Yang, A., N. Walker, R. Bronson, M. Kaghad, M. Oosterwegel, J. Bonnin, C. Vagner, H. Bonnet, P. Dikkes, A. Sharpe, F. McKeon, and D. Caput (2000) Nature 404:99-103.

p73-deficient mice have neurological, pheromonal and inflammatory defects but lack spontaneous tumours

p73 (ref. 1) has high homology with the tumour suppressor p53 (refs 2- 4), as well as with p63, a gene implicated in the maintenance of epithelial stem cells. Despite the localization of the p73 gene to chromosome 1p36.3, a region of frequent aberration in a wide range of human cancers, and the ability of p73 to transactivate p53 target genes, it is unclear whether p73 functions as a tumour suppressor. Here we show that mice functionally deficient for all p73 isoforms exhibit profound defects, including hippocampal dysgenesis, hydrocephalus, chronic infections and inflammation, as well as abnormalities in pheromone sensory pathways. In contrast to p53-deficient mice, however, those lacking p73 show no increased susceptibility to spontaneous tumorigenesis. We report the mechanistic basis of the hippocampal dysgenesis and the loss of pheromone responses, and show that new, potentially dominant-negative, p73 variants are the predominant expression products of this gene in developing and adult tissues. Our data suggest that there is a marked divergence in the physiological functions of the p53 family members, and reveal unique roles for p73 in neurogenesis, sensory pathways and homeostatic control.

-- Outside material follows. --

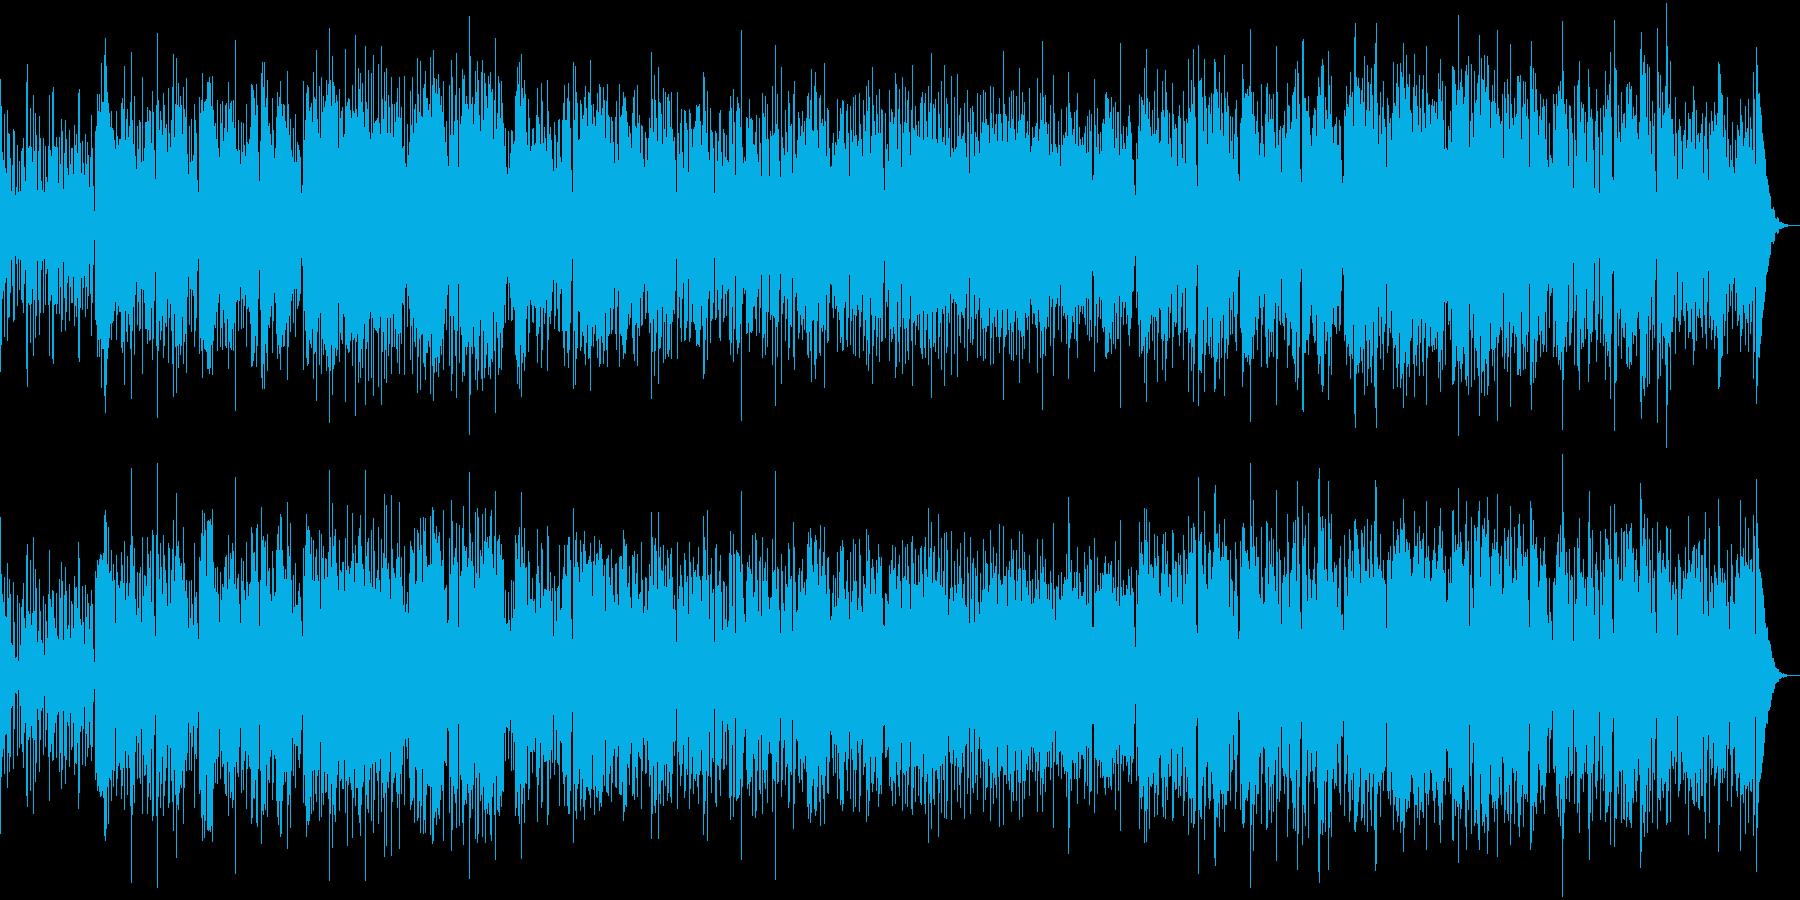 AOR感漂うお洒落ギターインストの再生済みの波形

Flores, E. R., S. Sengupta, J. B. Miller, J. J. Newman, R. Bronson, D. Crowley, A. Yang, F. McKeon, and T. Jacks (2005) Cancer Cell 7:363-373.

Tumor predisposition in mice mutant for p63 and p73: Evidence for broader tumor suppressor functions for the p53 family

p63 and p73 are functionally and structurally related to the tumor suppressor p53. However, their own role in tumor suppression is unclear. Given the p53-like properties of p63 and p73, we tested whether they are involved in tumor suppression by aging mice heterozygous for mutations in all p53 family genes and scored for spontaneous tumors. We show here that p63(+/-);p73(+/-) mice develop spontaneous tumors. Loss of p63 and p73 can also cooperate with loss of p53 in tumor development. Mice heterozygous for mutations in both p53 and p63 or p53 and p73 displayed higher tumor burden and metastasis compared to p53(+/-) mice. These findings provide evidence for a broader role for the p53 family than has been previously reported.